Exercise aim >> From the first line of the material through the line that holds "Monasterio de la", repeat each line exactly and skip any picture.

Supplied material >>
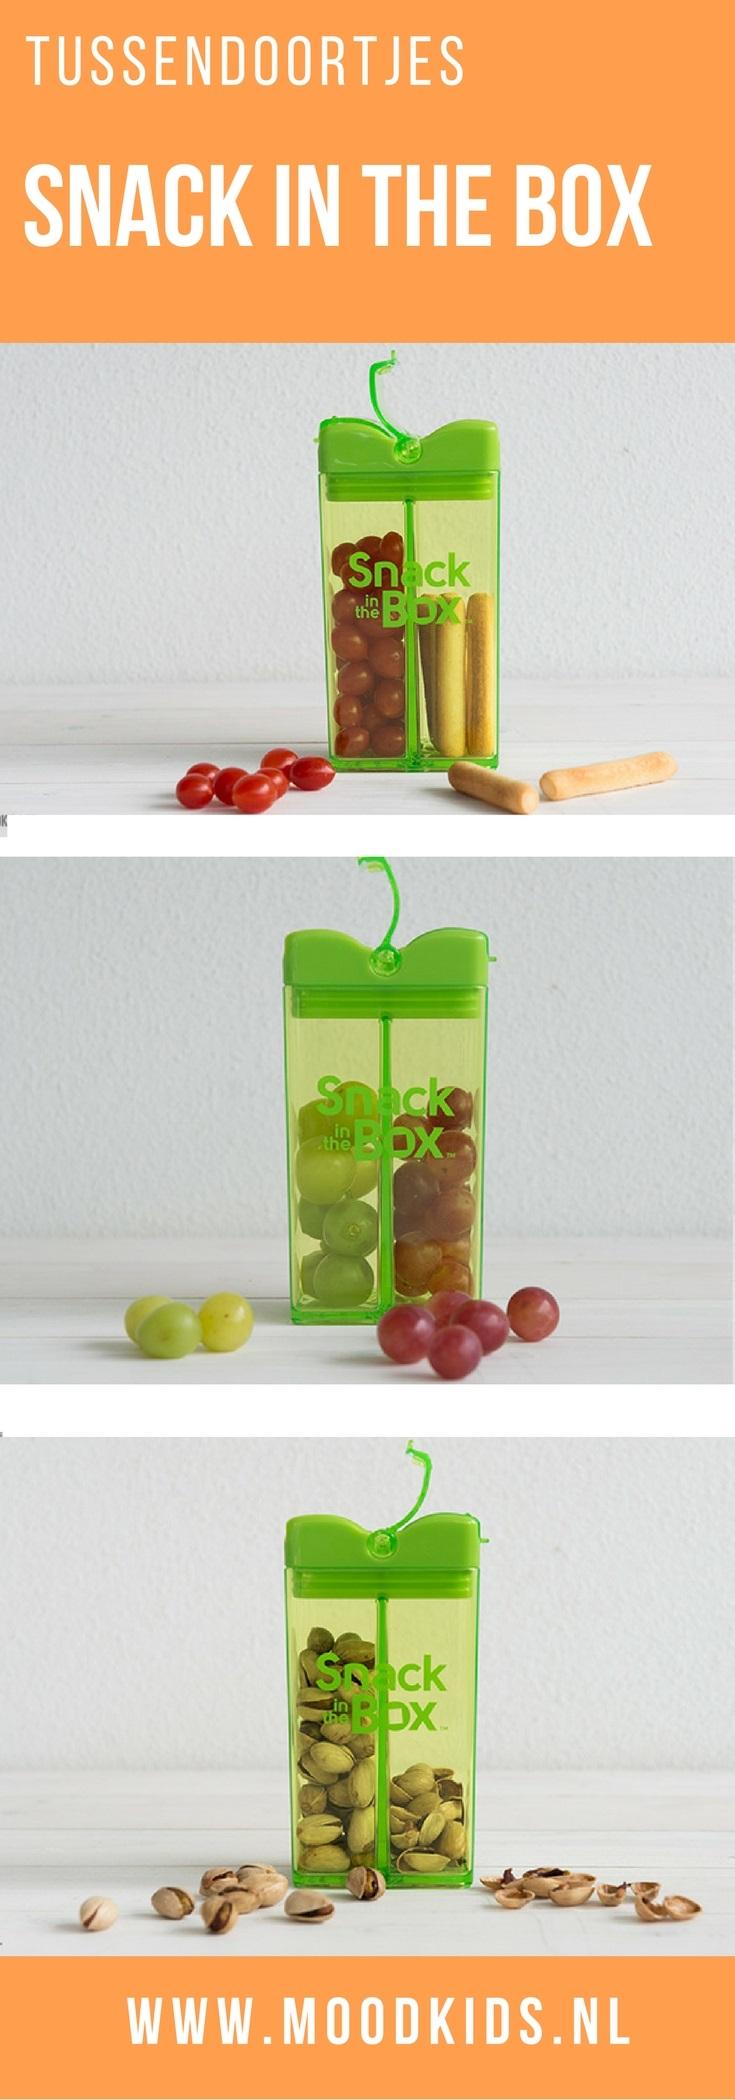 De snack in the box is een handig snackdoosje voor tussendoortjes. Voor op school, in de auto of een dagje uit. We geven je wat voorbeelden.
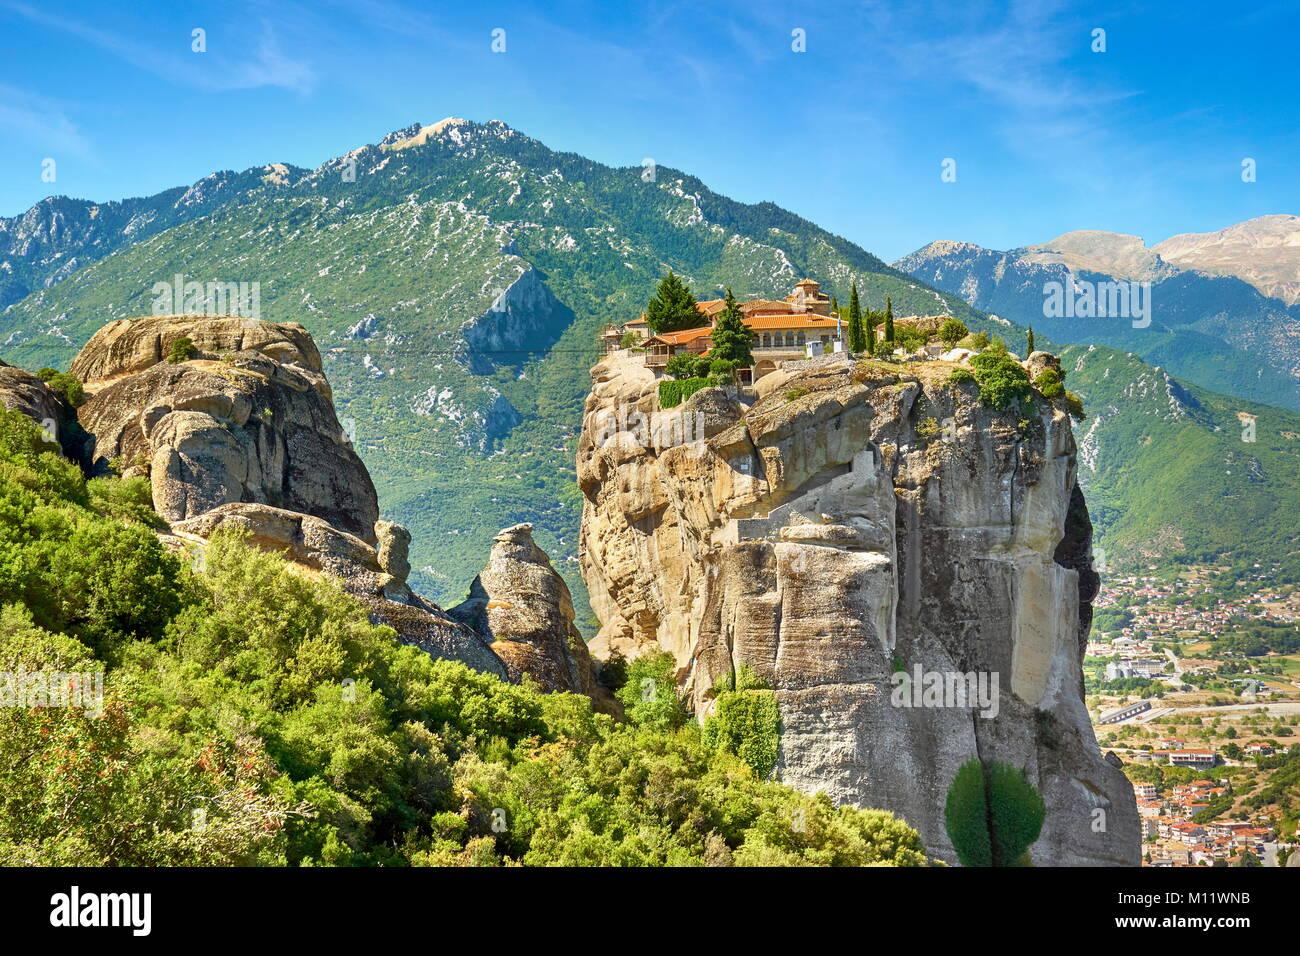 Monasterio de la santísima Trinidad en la región de Meteora, Trikala, Grecia Imagen De Stock
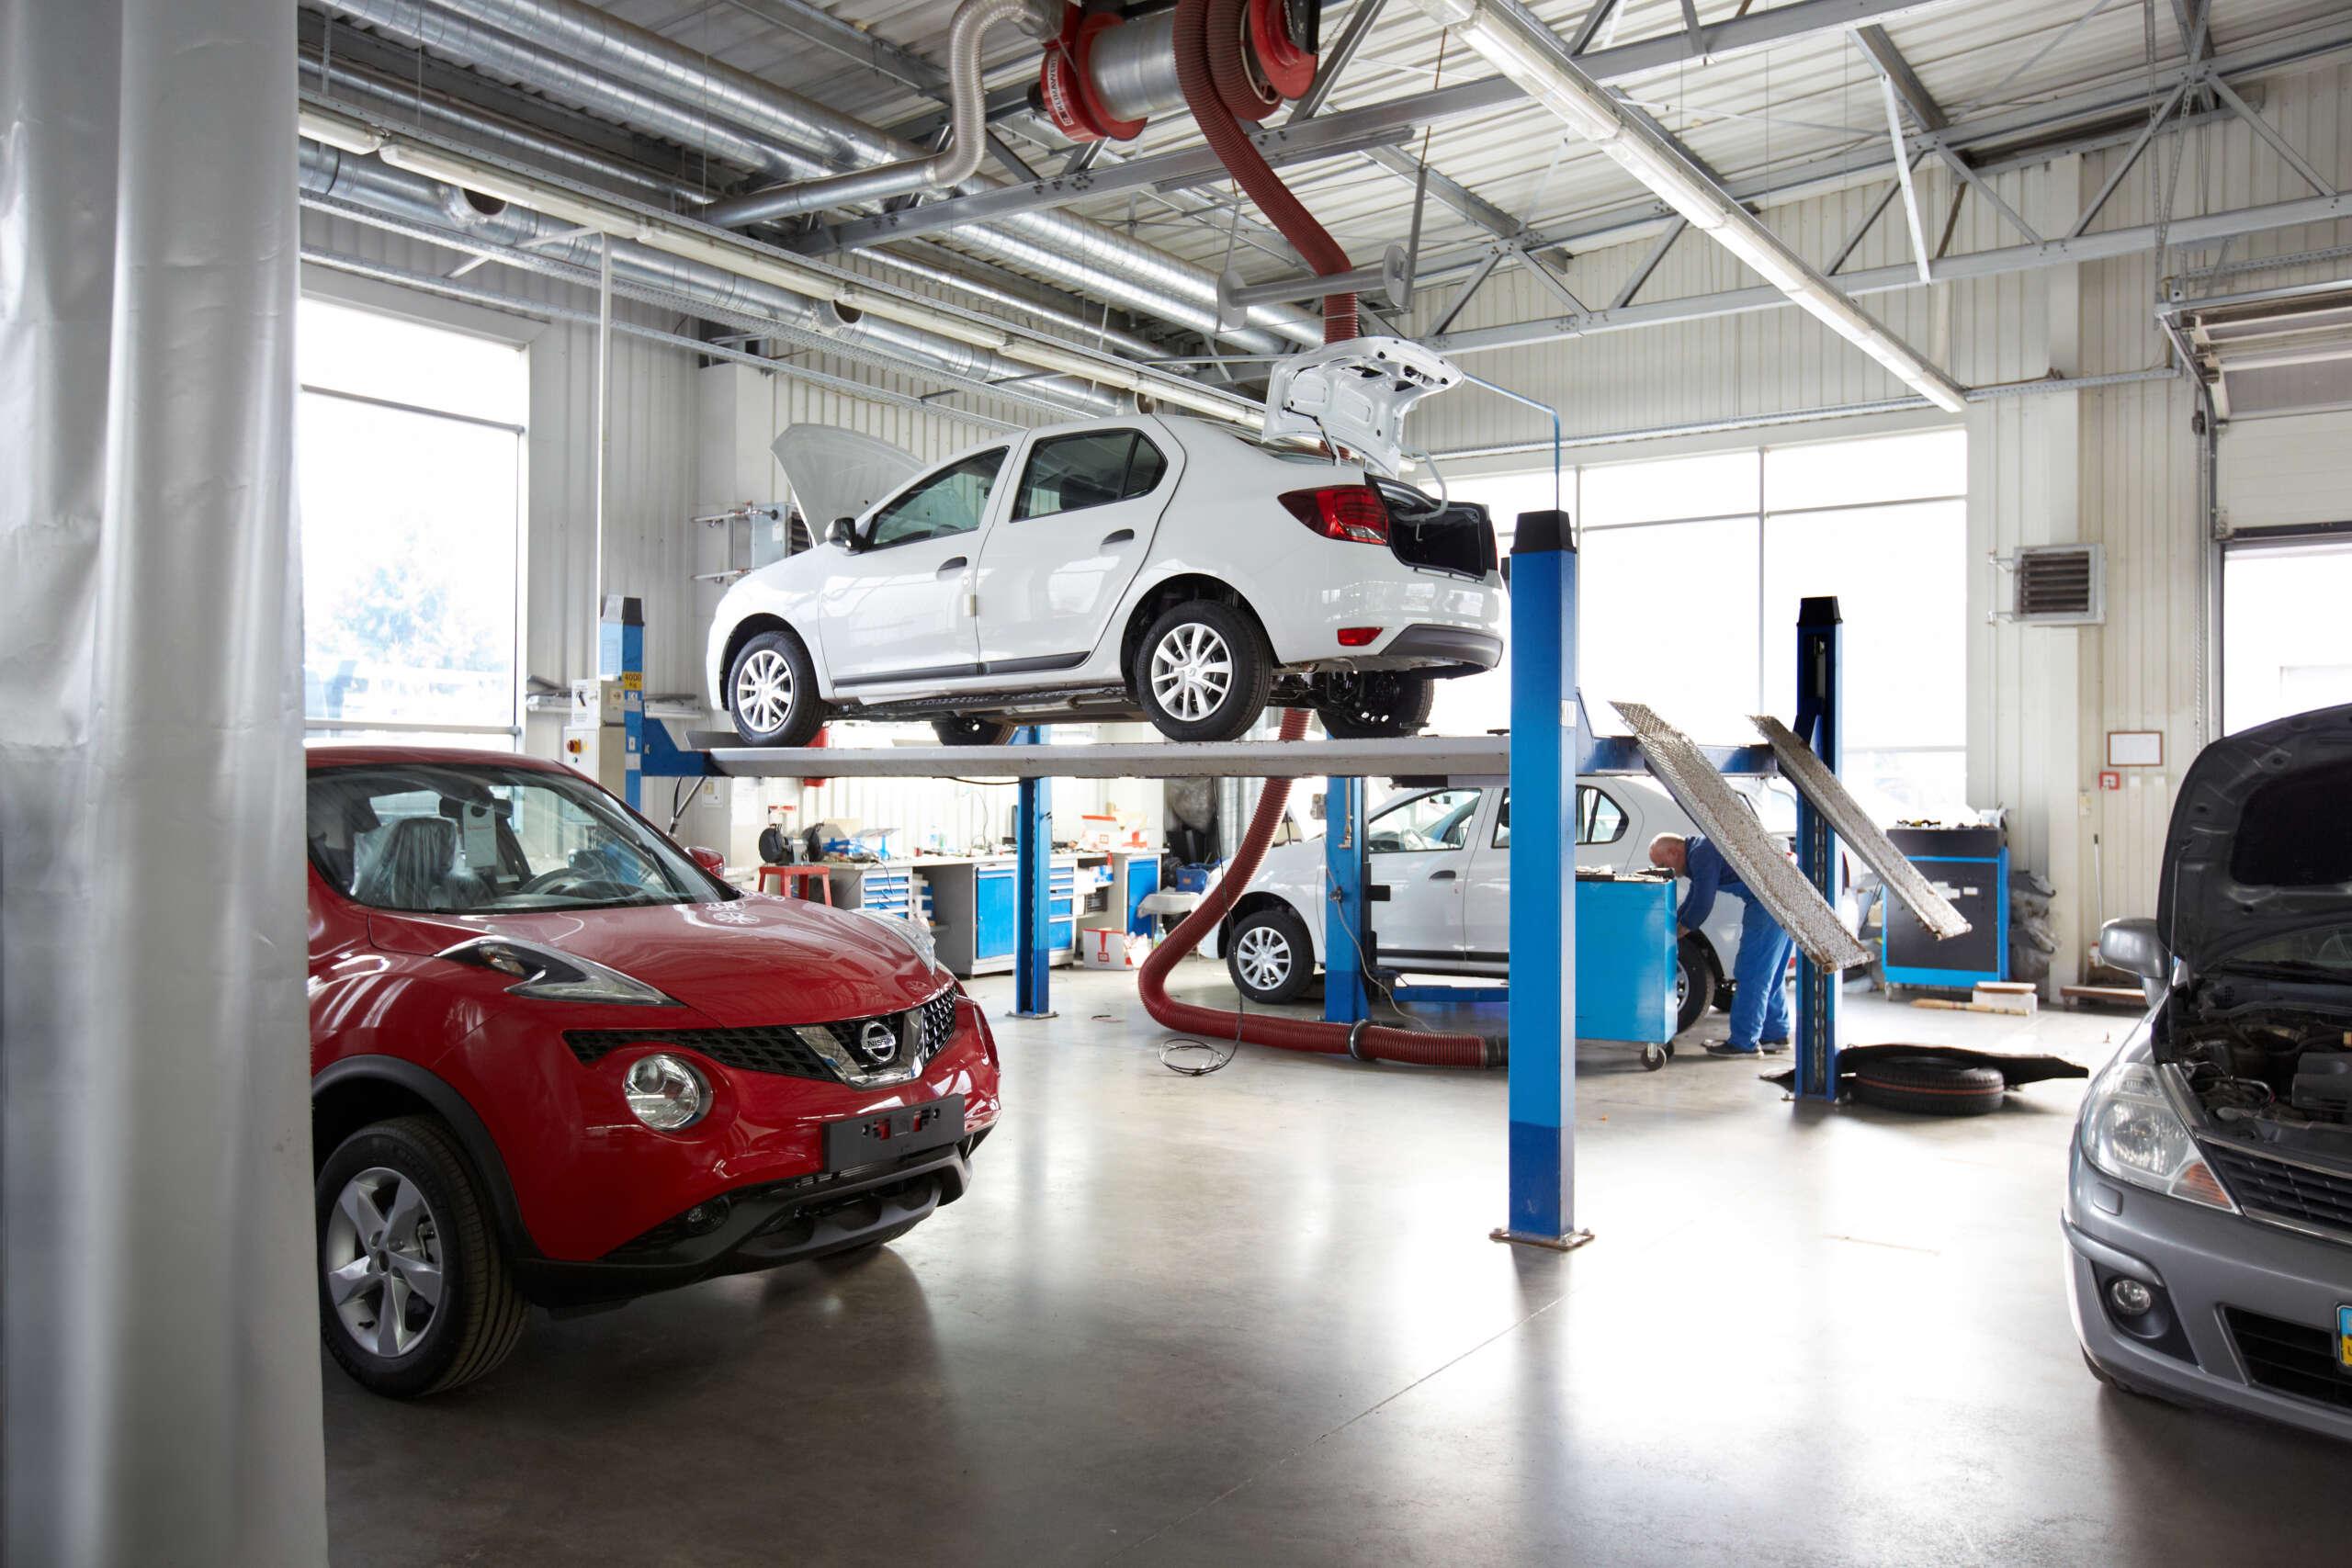 Самые сложные поломки авто: советы по ремонту от профессионалов - фото 1

Solution to the exercise >>
 De snack in the box is een handig snackdoosje voor tussendoortjes. Voor op school, in de auto of een dagje uit. We geven je wat voorbeelden.
 Monasterio de la santísima Trinidad en la región de Meteora, Trikala, Grecia Imagen De Stock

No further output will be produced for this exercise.